Such bottom-up models have been used as complementary approaches to fill important data gaps in the COVID crisis response in Salvador by non-governmental and academic groups. One example is the GeoCombate COVID-19 BA that has used OSM pedestrian pathway data associated with digital terrain model data of Salvador to calculate walking times for elderly or infirm people to their closest public health care unit. The study has shown the urgent demand for safe alternative transportation to support suspected COVID-19 patients since this population does not have their own vehicle and must not use public transport [29]. The same group has also started a campaign in Humanitarian Open Street Map (HOT) Task Manager to add to OSM information about informal commercial and service buildings classified as local trip attractor agglomeration points.
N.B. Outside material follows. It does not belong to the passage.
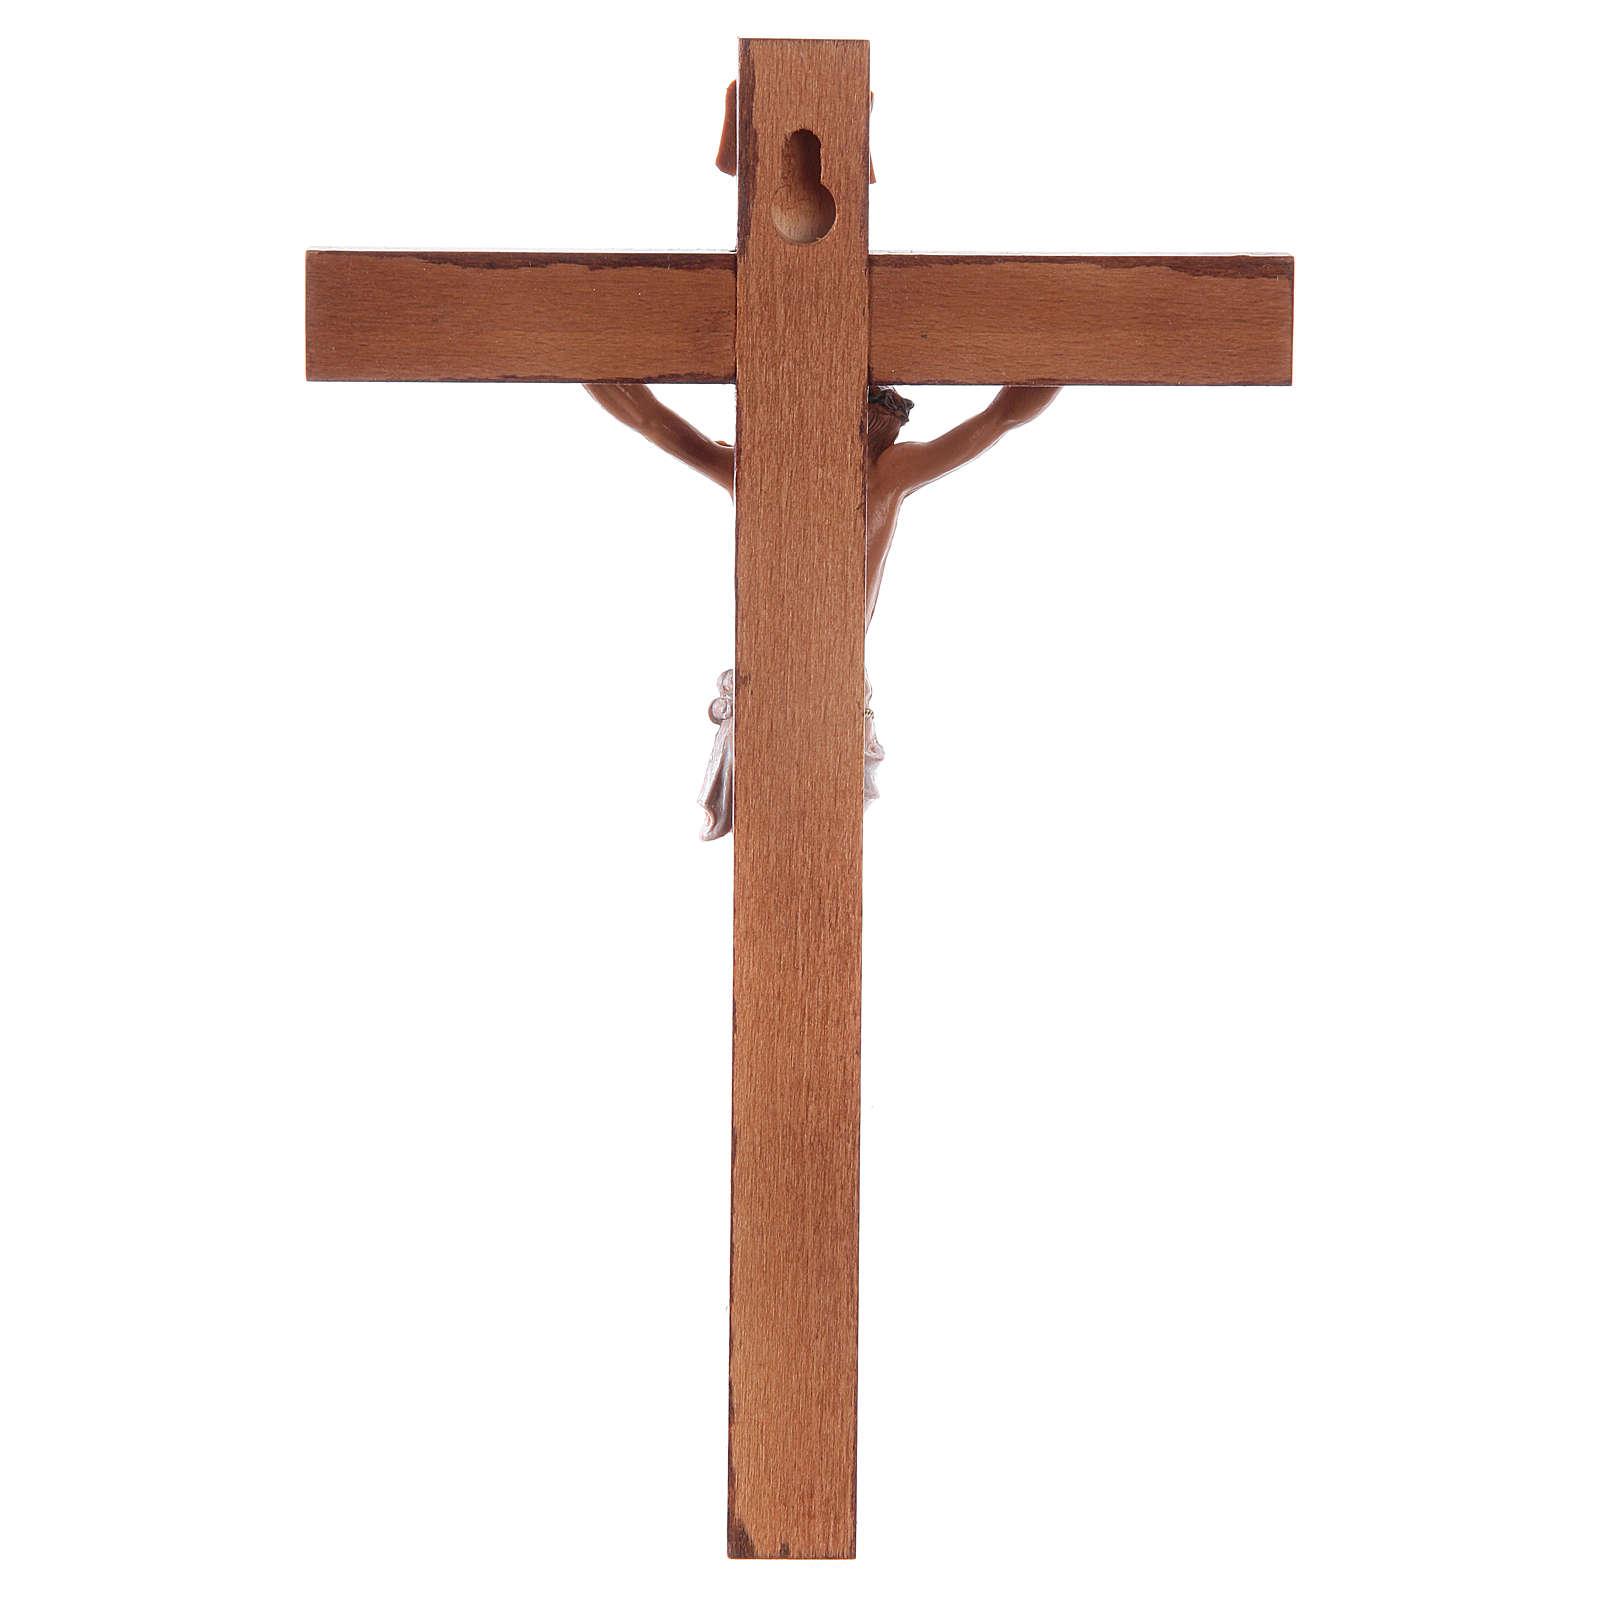 Krucyfiks Fontanini krzyż drewno 18 X 11,5 ciało Chrystusa pvc 4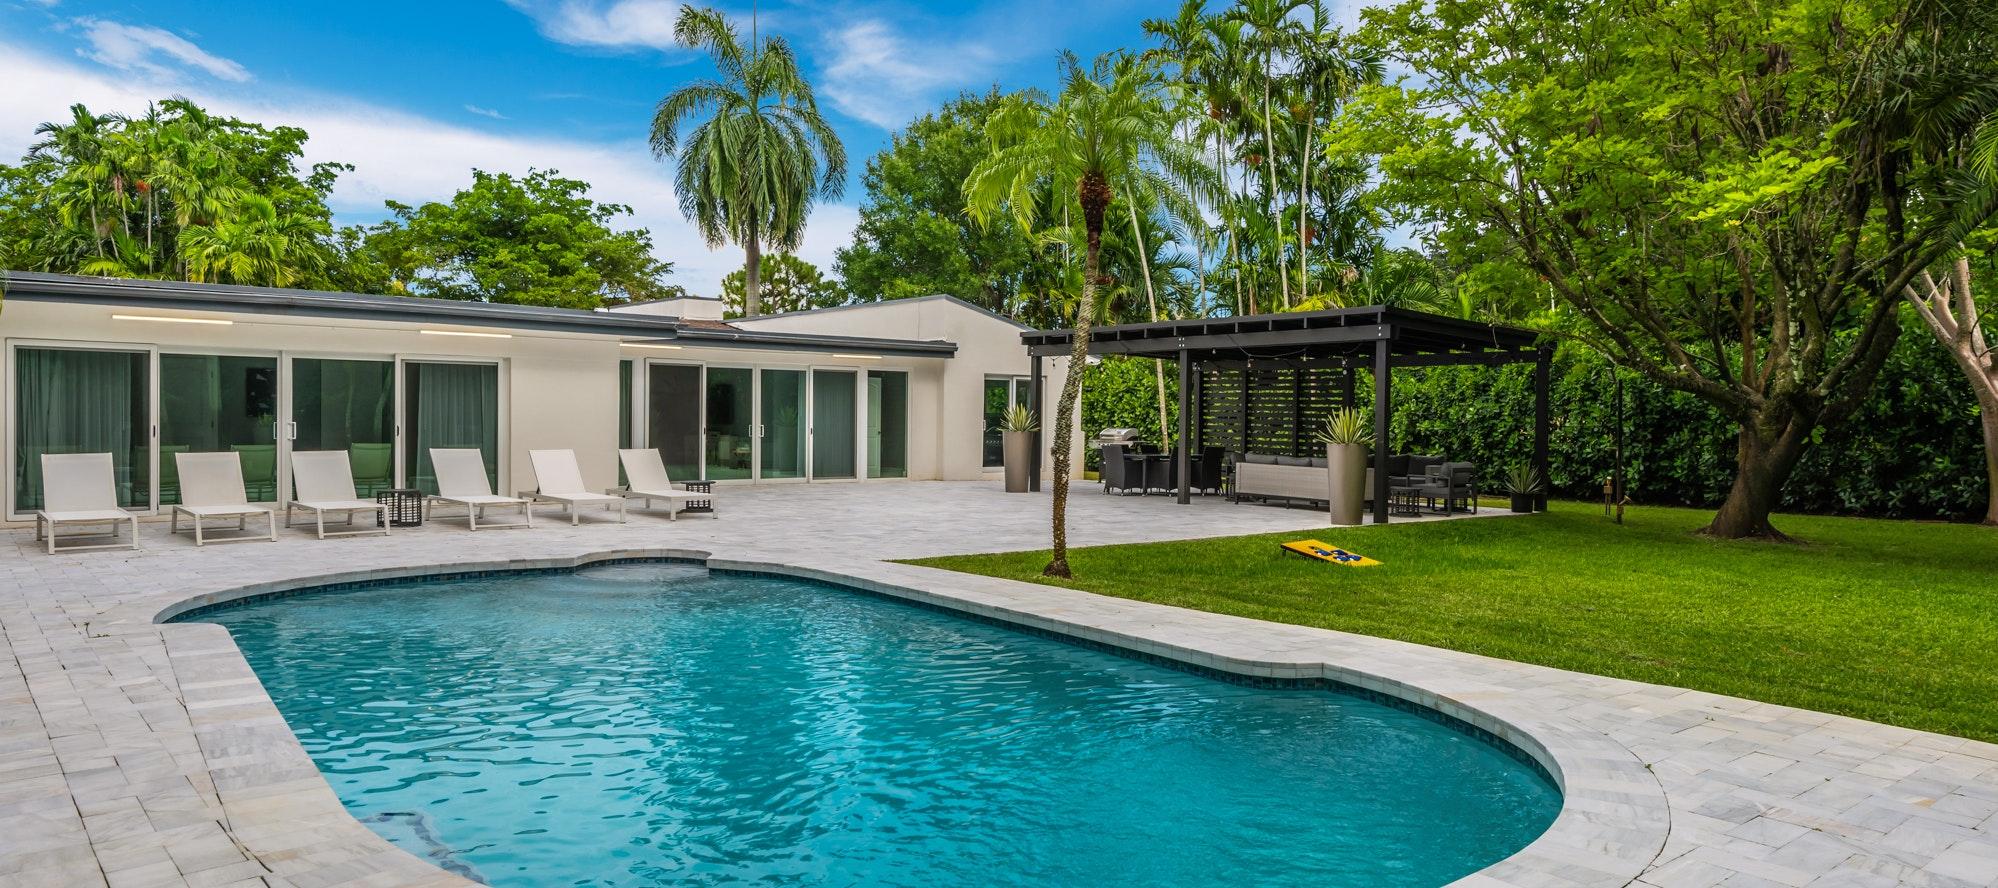 Villa Glades luxury rental in Golden Glades

Concentrations of market places, convenience stores, and bank agencies, among others, need to be combined with the location of health facilities, population distribution, and roads indicating priority areas for public hygiene equipment installation, street disinfection, sensibilization campaigns, COVID-19 test application, etc. [29]. These actions will support appropriate health strategies and responses in slums.

4. Discussion

It is important to go back to the initial concept of COVID-19 risks, which characterized the risks and impacts of COVID-19. Inhabitants of favelas are most vulnerable to the increase in transmissions of the disease. They are more vulnerable due to the pre-existing precariousness that reflects on the health of residents and on the access to services and resources for fighting against the disease. In slums, the majority of inhabitants cannot perform a home office regime; most inhabitants need to continue working. For example, many inhabitants are essential workers and their livelihood depends on being in contact with people. Thus, inhabitants are required to continue their livelihood activities to feed their families. This, combined with the need to use public transport, increases their risks of getting the disease. EO-based data can help reveal these conditions and provide information about the spatial context and stress demands for help from public institutions and calls for humanitarian support. The disease does not originate in slums, and slums are not the disease. “Fighting the pandemic requires more than technical solutions based on data. It is essential to establish a political commitment that involves the whole of society for the protection of the peripheral population during and after the pandemic” [79].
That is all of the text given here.